I am working on a store search API using Lucene.
I need to show store search results for each City,State combination with its frequency in brackets….for example:
Los Angles,CA (450)
Atlanta,GA (212)
Boston, MA (78)
.
.
.
As of now, my search results return around 7000 Lucene documents, on average, if the user says "Show me all the stores".
In this use case, I end up showing around 800 unique City,State records as shown above.
I am overriding the HitCollector
class's Collect
method and retrieving vectors as follows:
var vectors = _reader.GetTermFreqVectors(doc);
Then I iterate through this collection and calculate the frequency for each unique City,State combination.
But this is turning out to be very very slow in performance…is there any better way of grouping search results and calculating frequency in Lucene?

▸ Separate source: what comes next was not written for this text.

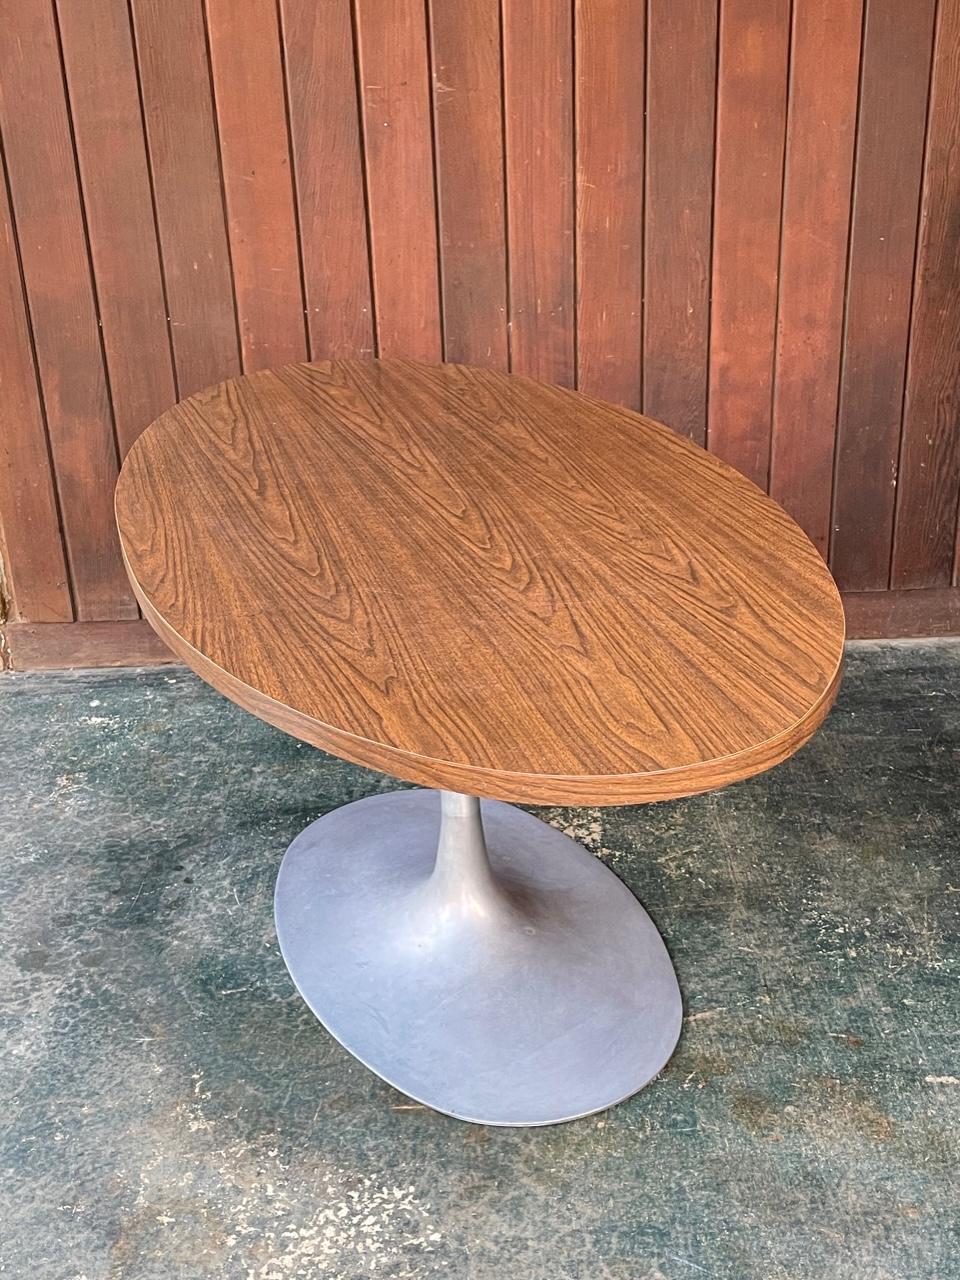 XL Oval Tulip Dining Table Space Age Jetsons Vintage Mid-Century Burke Arkana In Fair Condition For Sale In Hyattsville, MD

A code snippet would be very helpful
Also, please suggest if I can optimize my Lucene search code using any other techniques/tips….
Thanks for reading!
Best Answer
I don't believe you can do this OOTB in Lucene currently - searching for this functionality yields this open issue:
Jira Lucene Feature Request
The functionality is present OOTB with Solr however - which provides a faceting feature. A query such as the following:
http://localhost:8983/solr/select?q=ipod&rows=0&facet=true&facet.limit=-1&facet.field=cat&facet.field=inStock
would return the following result:
More information on faceting can be found on the Solr website:
http://wiki.apache.org/solr/SimpleFacetParameters
EDIT: If you definitely don't want to go down the SOLR aproach to faceting you may be able to leverage the functionality in this patch described for Lucene:
http://sujitpal.blogspot.com/2007/01/faceted-searching-with-lucene.html
which provides an implementation of the faceting feature on top of Lucene 2.0 via a patch.